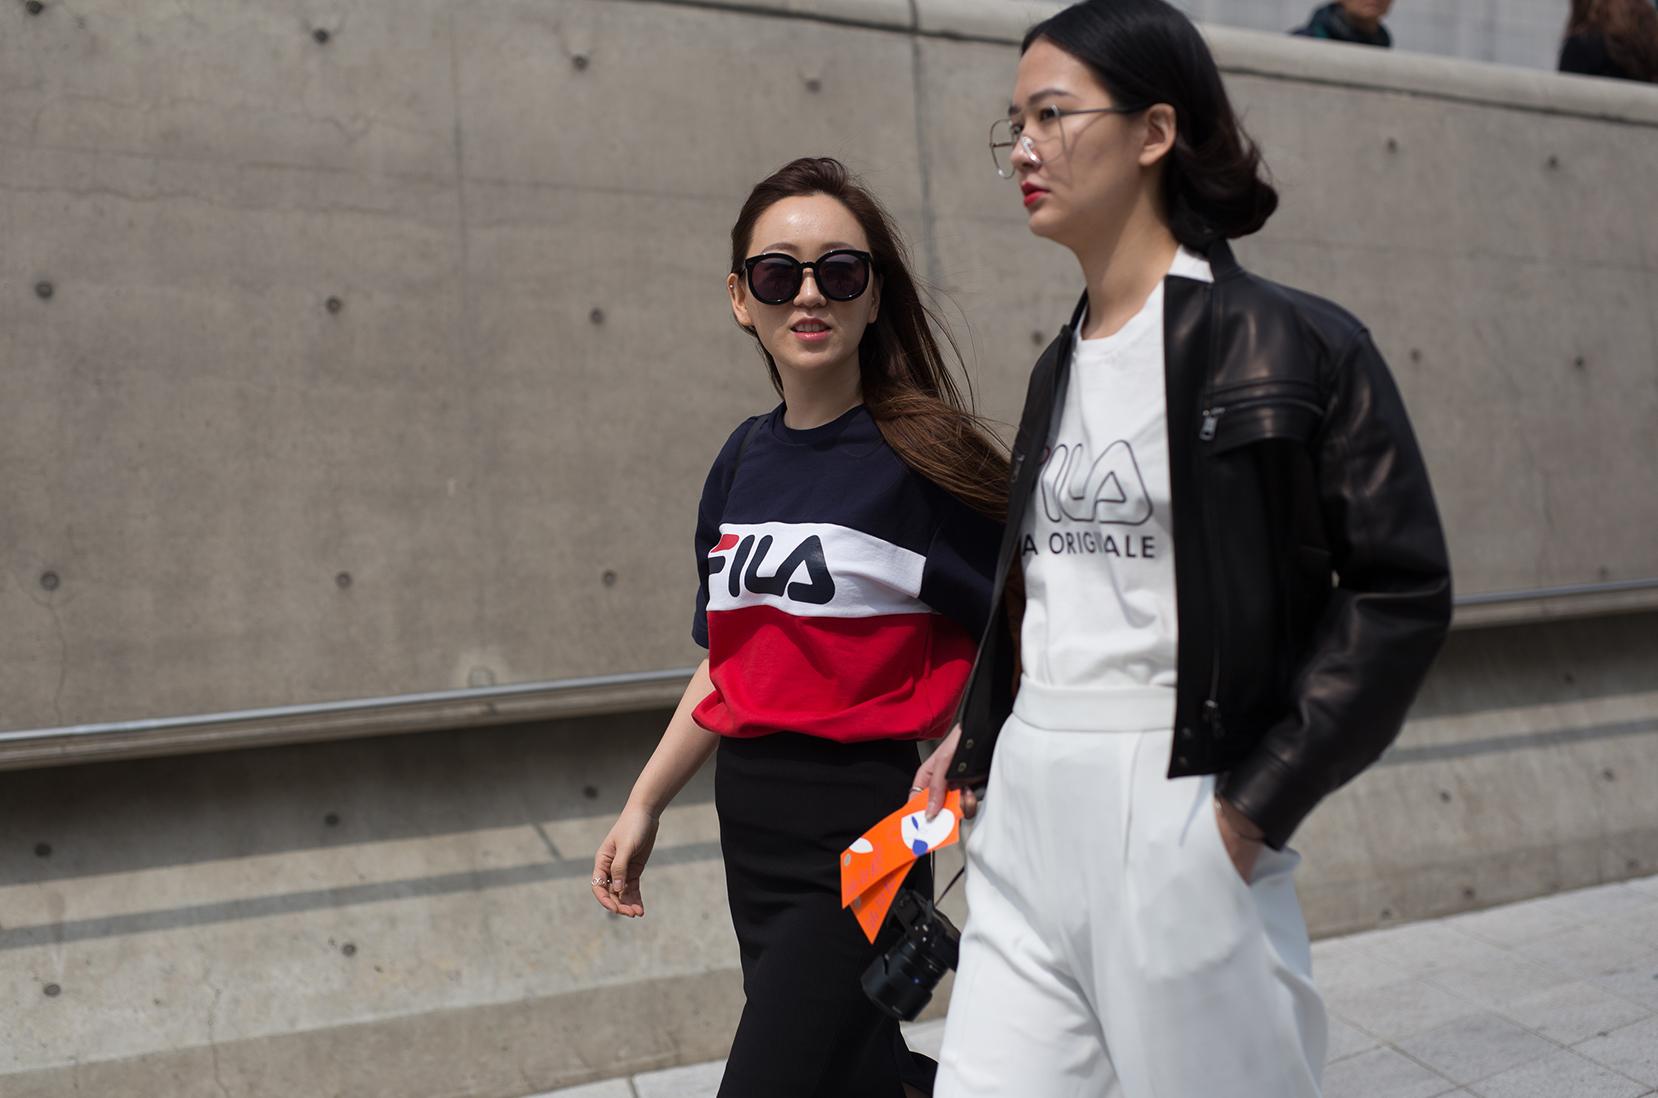 b6acb91e832c Street Style Seoul © Matthew Sperzel/Getty Images
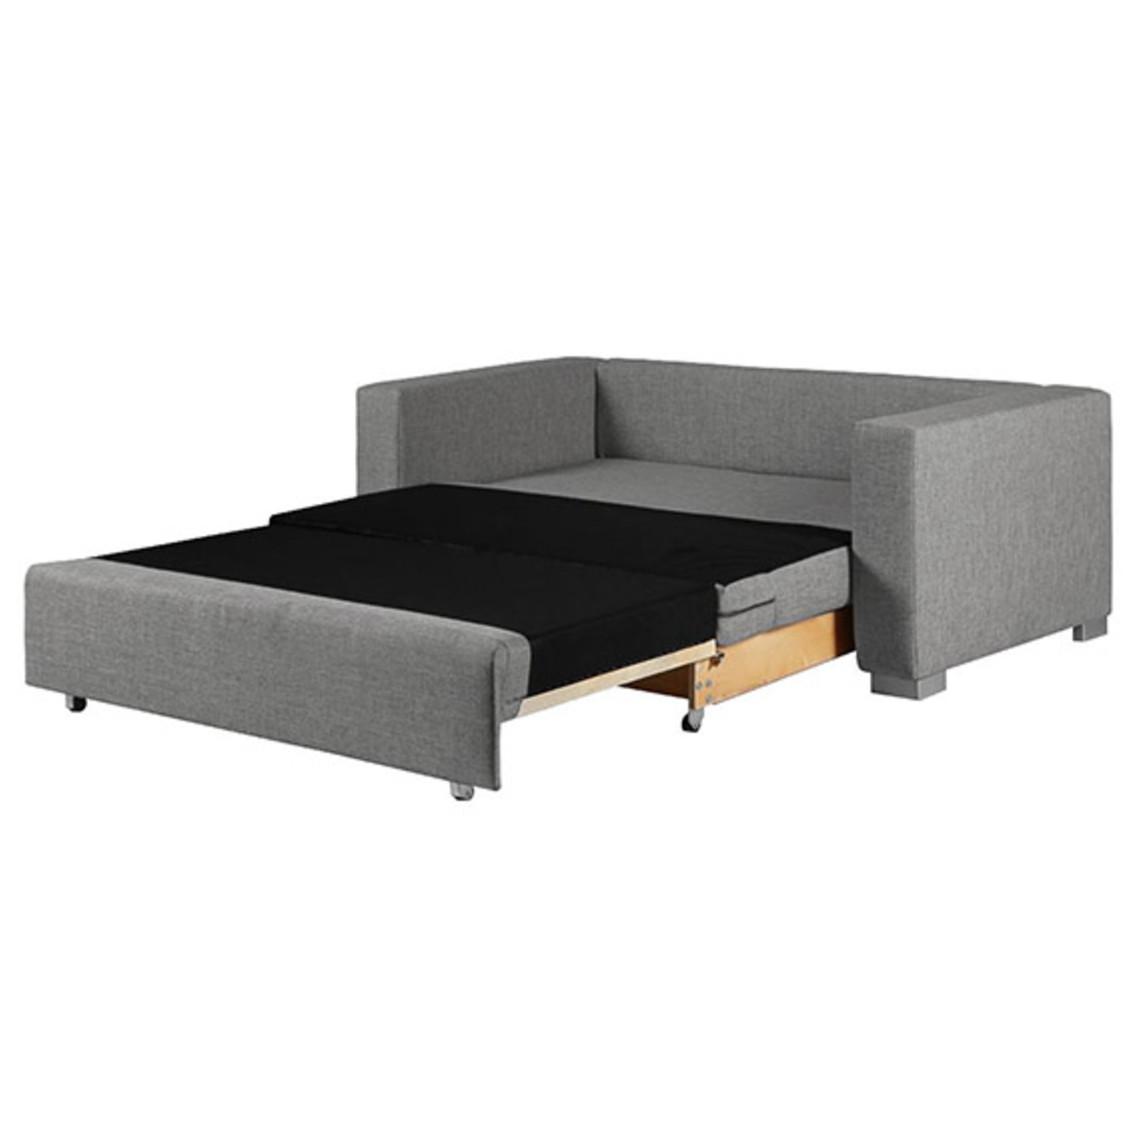 Sofa Typen Im Uberblick Welche Sofatypen Gibt Es Home24
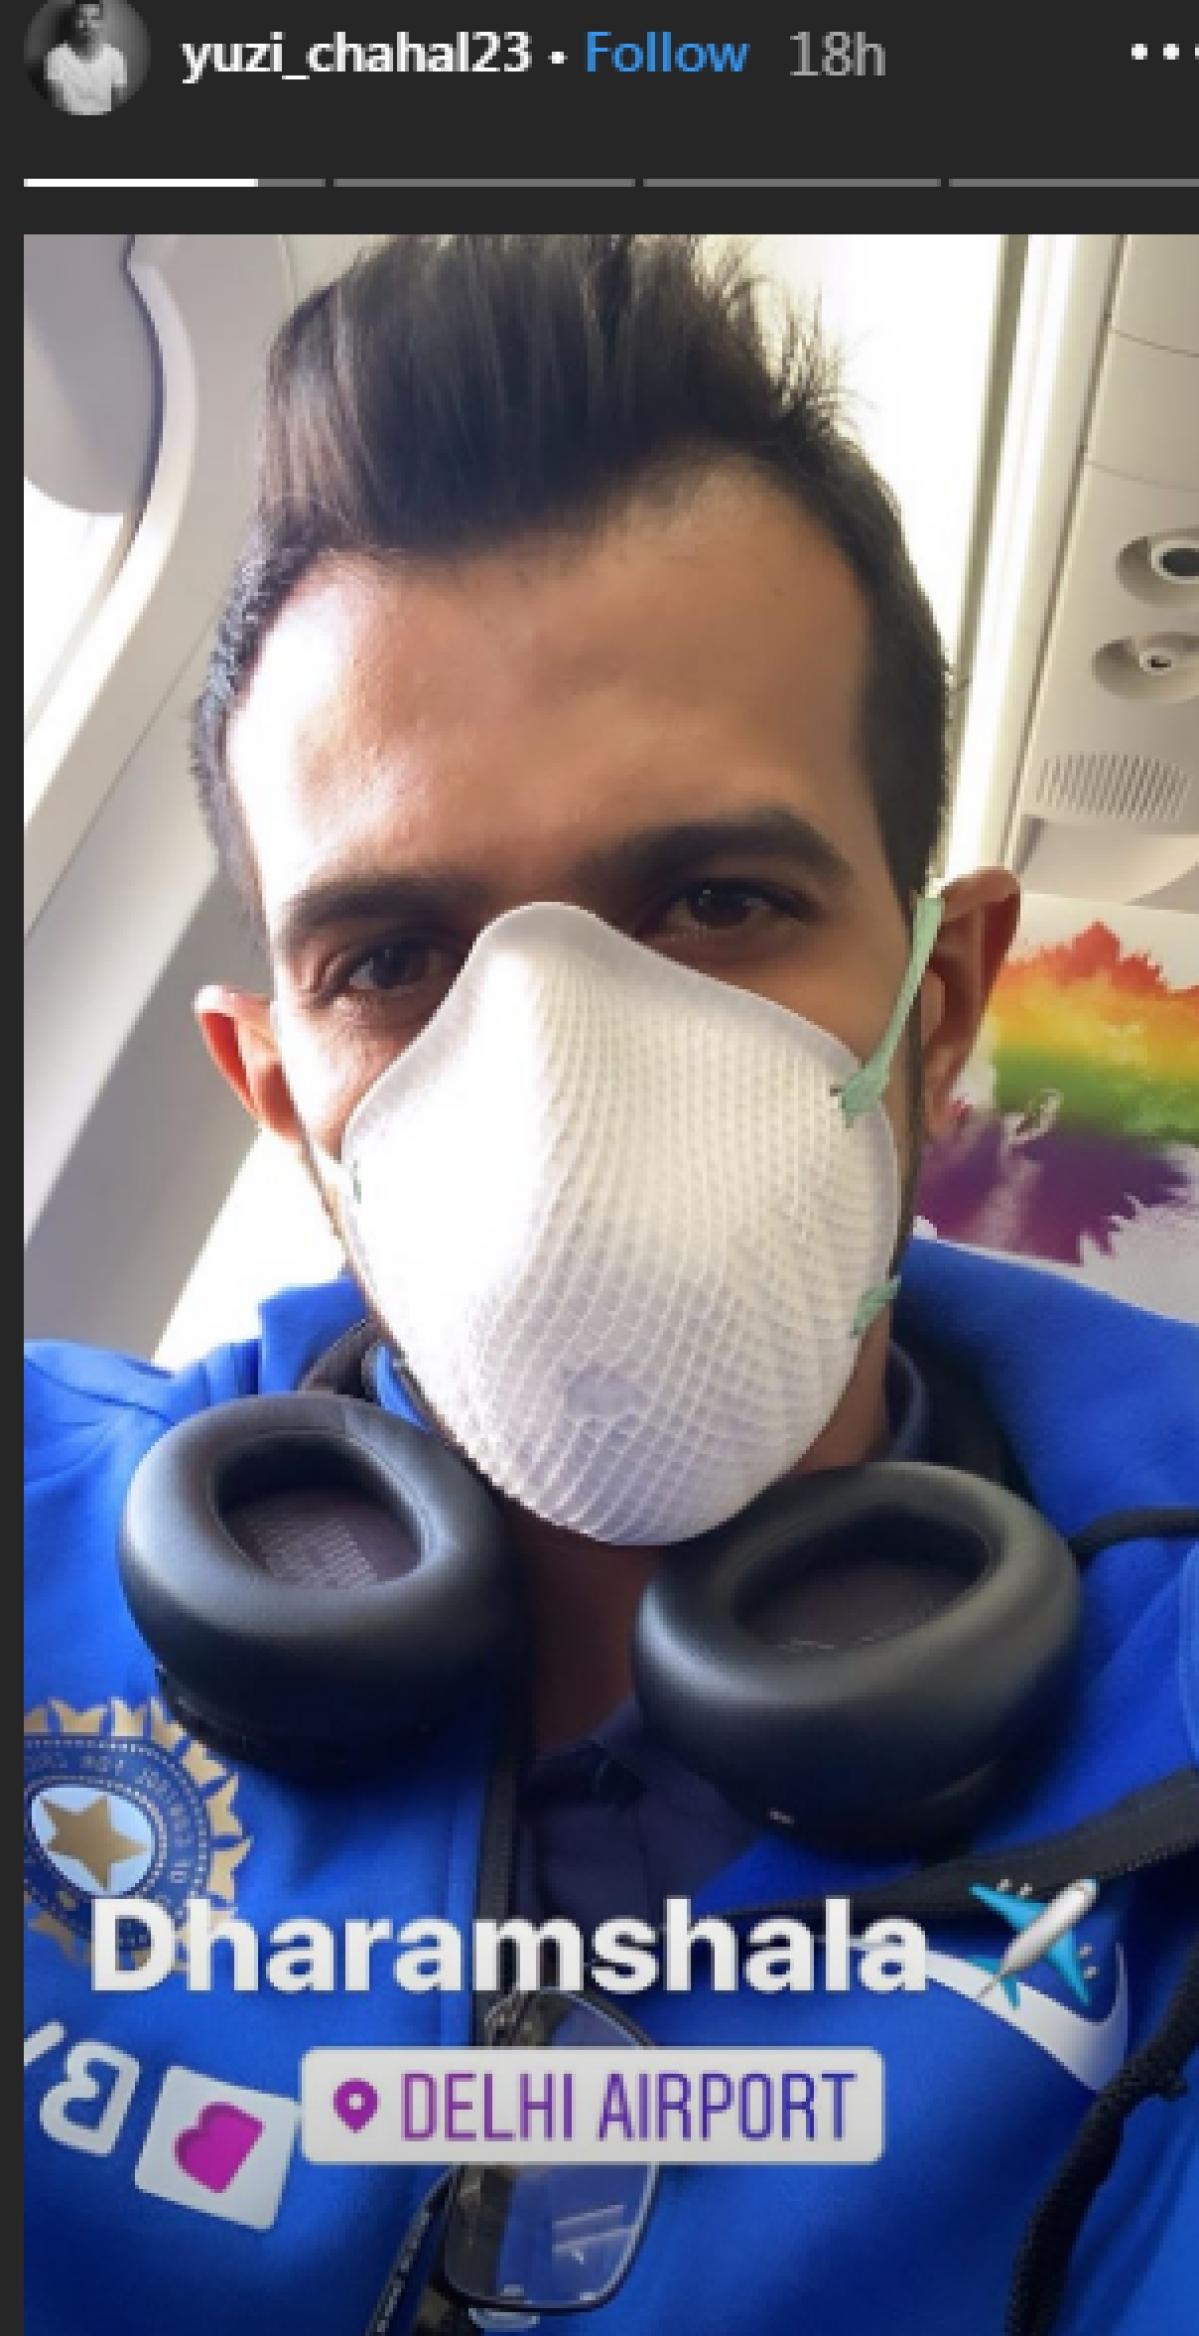 Latest Coronavirus update in India: Yuzvendra Chahal wears mask on way  to Dharamshala for first ODI

PROBLEM REQUIREMENTS:
Nothing but the pictures should be left out when the material above is copied.

ANSWER:
 b6acb91e832c Street Style Seoul © Matthew Sperzel/Getty Images
 Sofa Typen Im Uberblick Welche Sofatypen Gibt Es Home24
 Latest Coronavirus update in India: Yuzvendra Chahal wears mask on way  to Dharamshala for first ODI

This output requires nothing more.